Fig. 17 - Live instance monitoring using htop and neuron-htop

We will learn more about these metrics in the next exercise. **You have completed Exercise 1!**
In this exercise you created an AWS EC2 Inf1 instance and learned how to monitor utilization of its CPU and Neuron resources.
_Note: Leave this window open so you can see the utilization of the Neuron cores while we run a model on this instance._ --- ## 2) Deep Learning Container Building and running deep learning containers is essential to the deployment of self-managed ML workloads. In this exercise, you will build a Docker image which contains the [Neuron SDK](https://awsdocs-neuron.readthedocs-hosted.com/en/latest/index.html), as well as all necessary drivers and packages required to successfully compile and run models on Inferentia. You will also walk through the manual process of compiling, running, and benchmarking a model. Lastly, you will push the container image to the AWS Elastic Container Registry [ECR](https://console.aws.amazon.com/ecr/repositories?region=us-west-2) for use in the next section and then will terminate the instance.

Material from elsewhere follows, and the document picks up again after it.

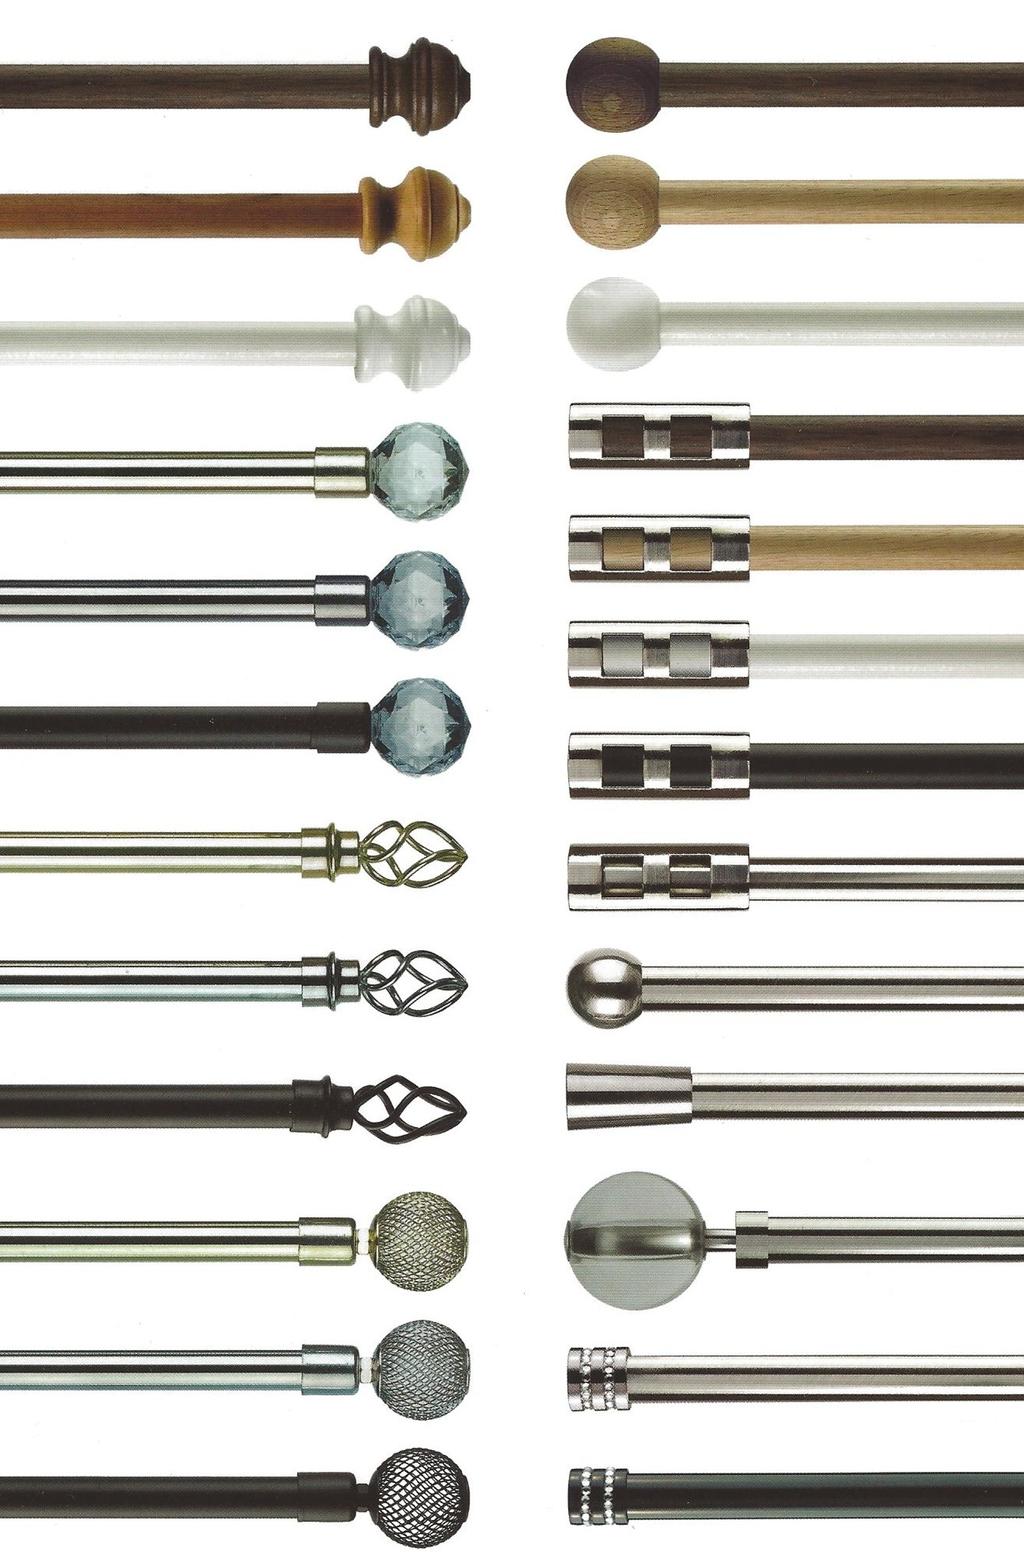 POLES & FINIALS THESE POLES & FINIALS ARE SAMPLED IN THE SOLARÉ SHADE COLLECTION. POLES, FINIALS, AND FURTHER ACCESSORIES ARE AVAILABLE IN ALL SOLARÉ SHADE COLLECTIONS.

Since we concluded the previous exercise with launching utilization monitors in the CloudShell, we will keep that window open and will use a different way to connect to the Inferentia instance for this part of the workshop. ### 2.1) Connect to AWS EC2 Inf1 Instance via Session Manager Open the [EC2 Console](https://console.aws.amazon.com/ec2/v2/home?region=us-west-2#Instances:) and select the Inferentia instance, then click the **Connect** button and select the **Session Manager** tab.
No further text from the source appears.